[Opening Dataset section section]
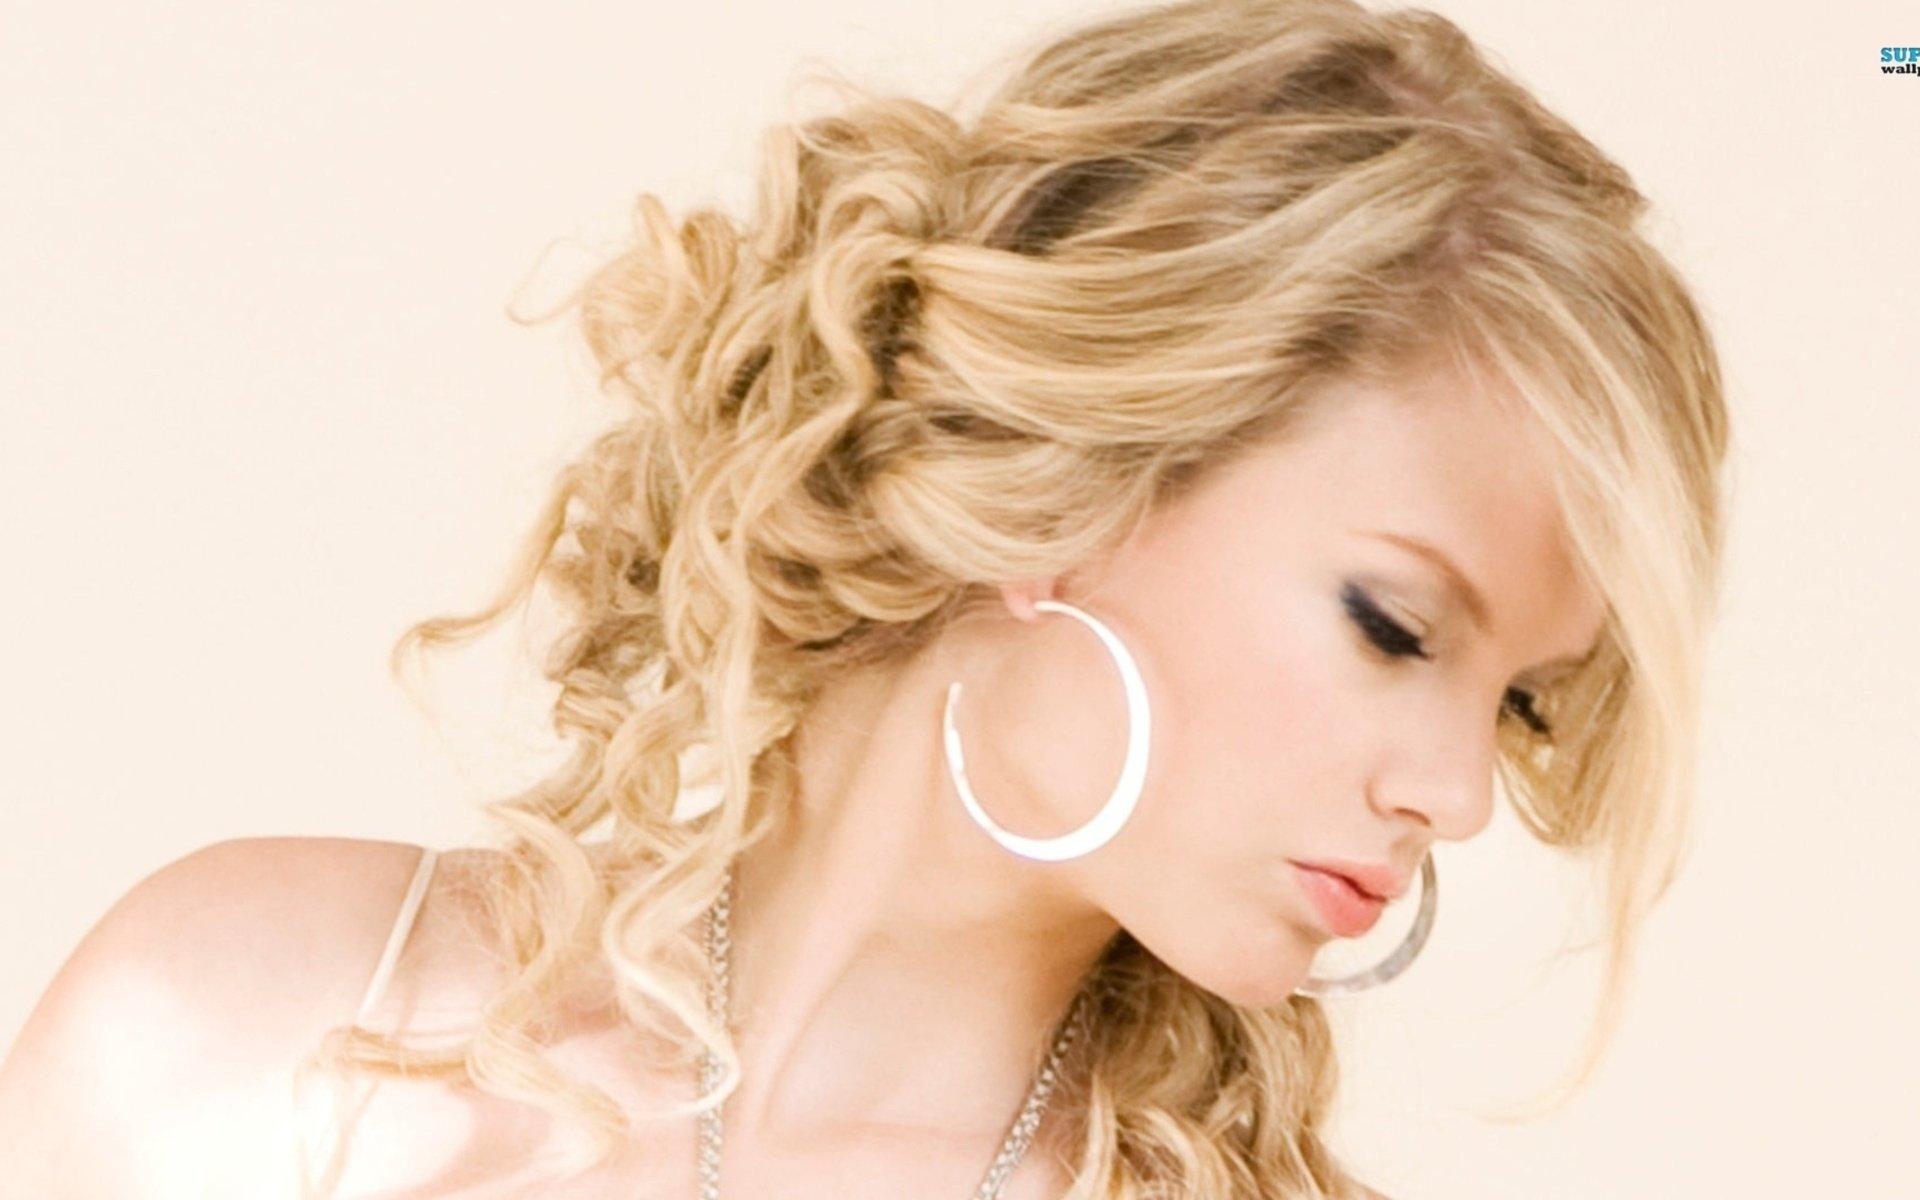 Music - Taylor Swift  Wallpaper
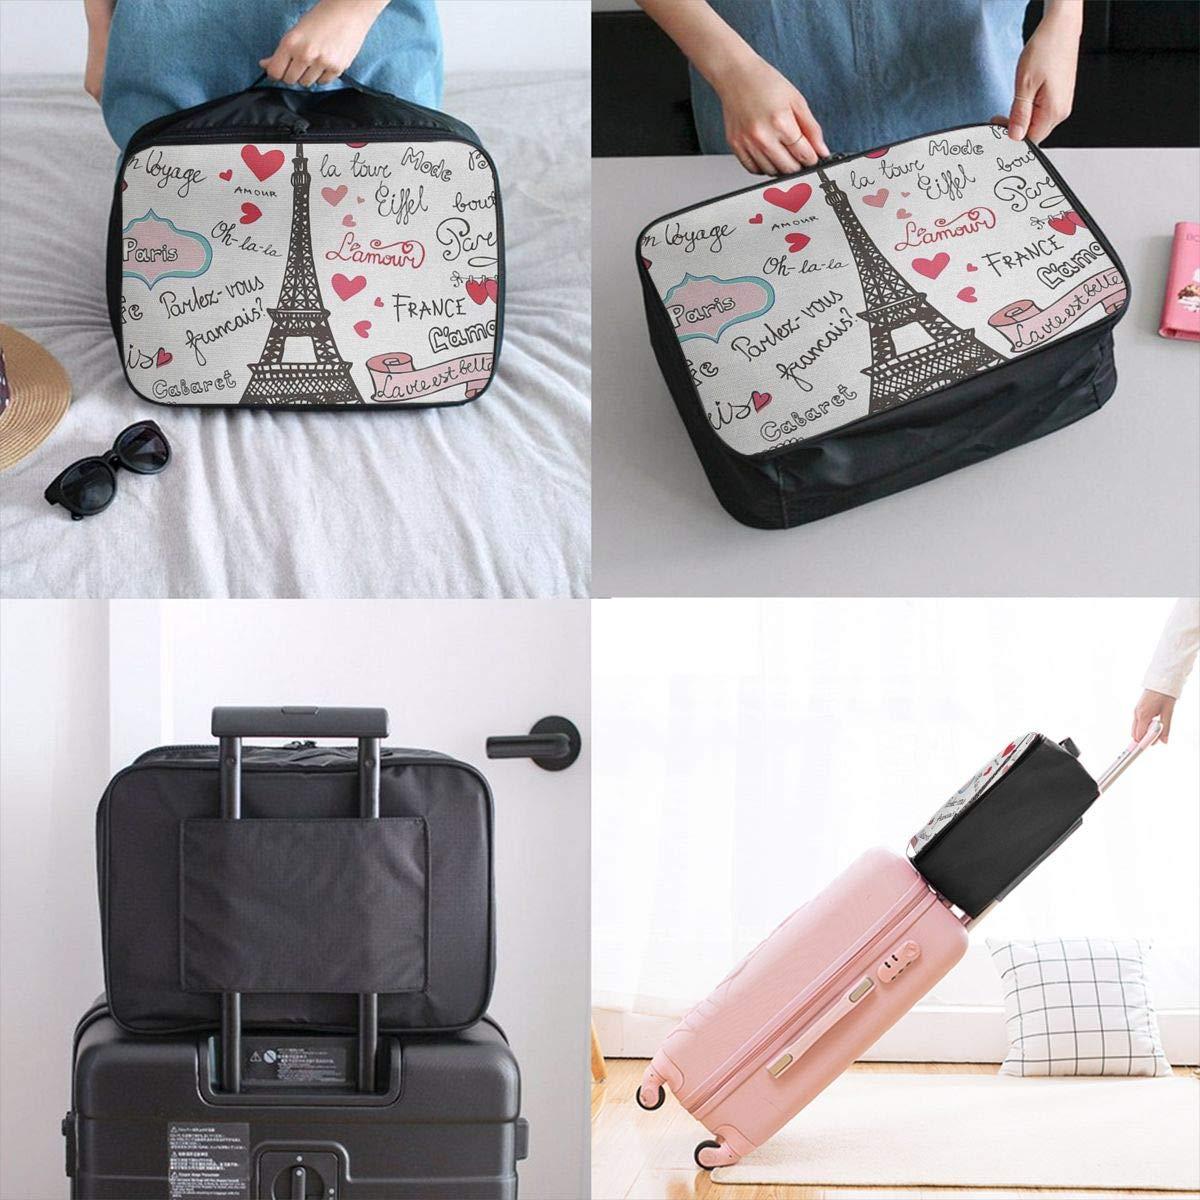 ADGAI Paris Symbols Lettering Heart Canvas Travel Weekender Bag,Fashion Custom Lightweight Large Capacity Portable Luggage Bag,Suitcase Trolley Bag
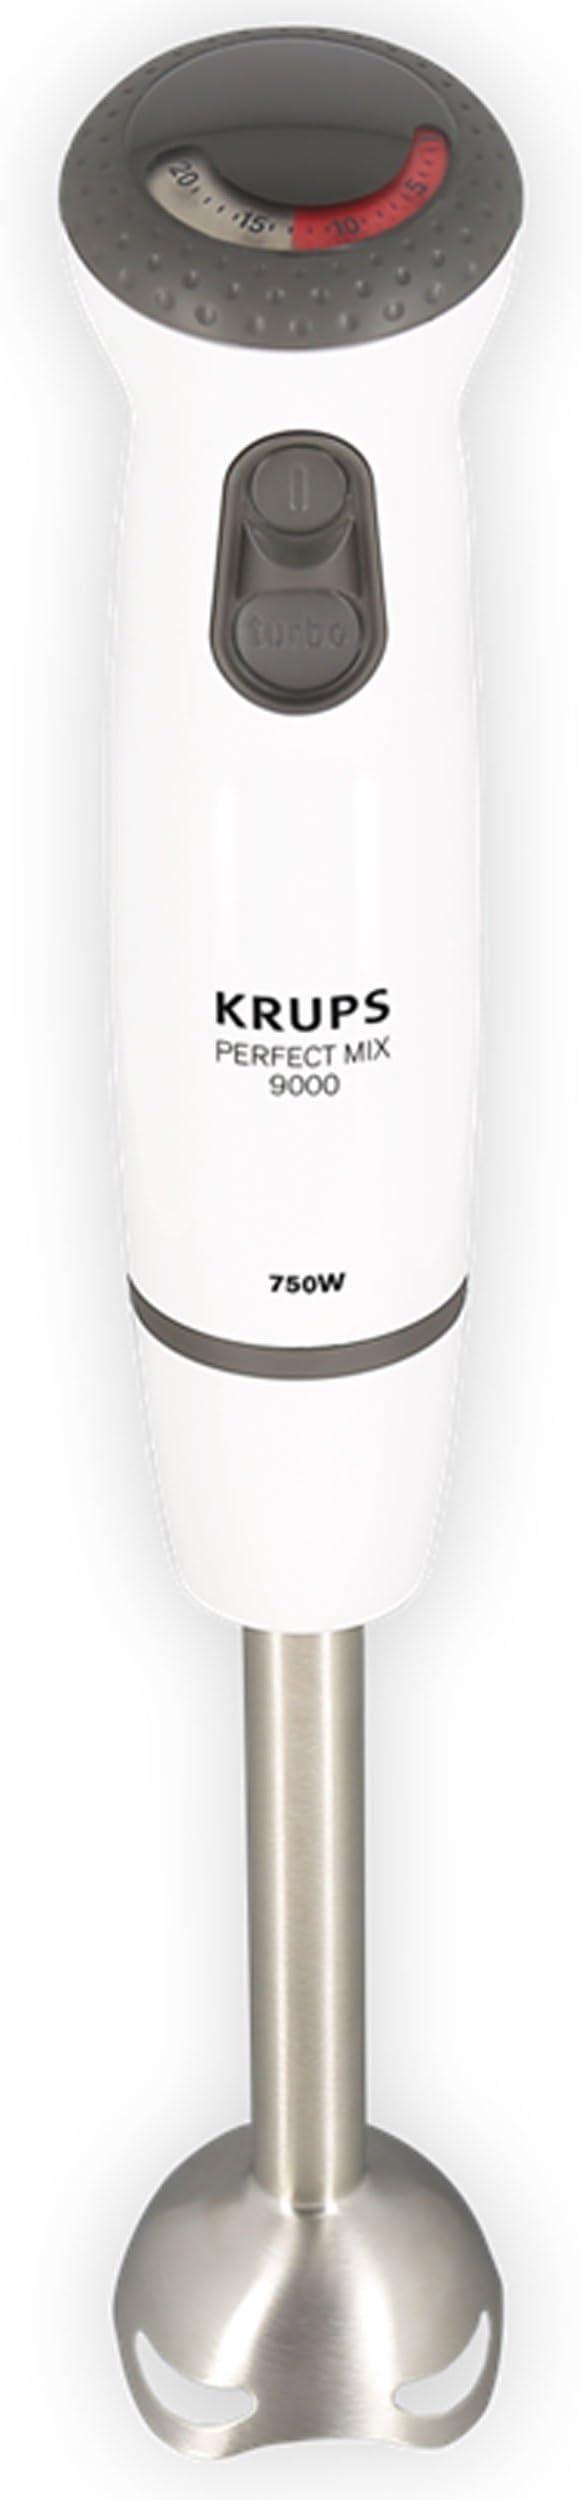 Krups Perfect Mix 9000 Plus Batidora de mano 0.8L 750W Gris, Color ...
[Closing Dataset section section]
§ Problem requirements:
Give back the whole listing exactly as written. Do not include any picture.

§ Exercise answer:
 Music - Taylor Swift  Wallpaper
 ADGAI Paris Symbols Lettering Heart Canvas Travel Weekender Bag,Fashion Custom Lightweight Large Capacity Portable Luggage Bag,Suitcase Trolley Bag
 Krups Perfect Mix 9000 Plus Batidora de mano 0.8L 750W Gris, Color ...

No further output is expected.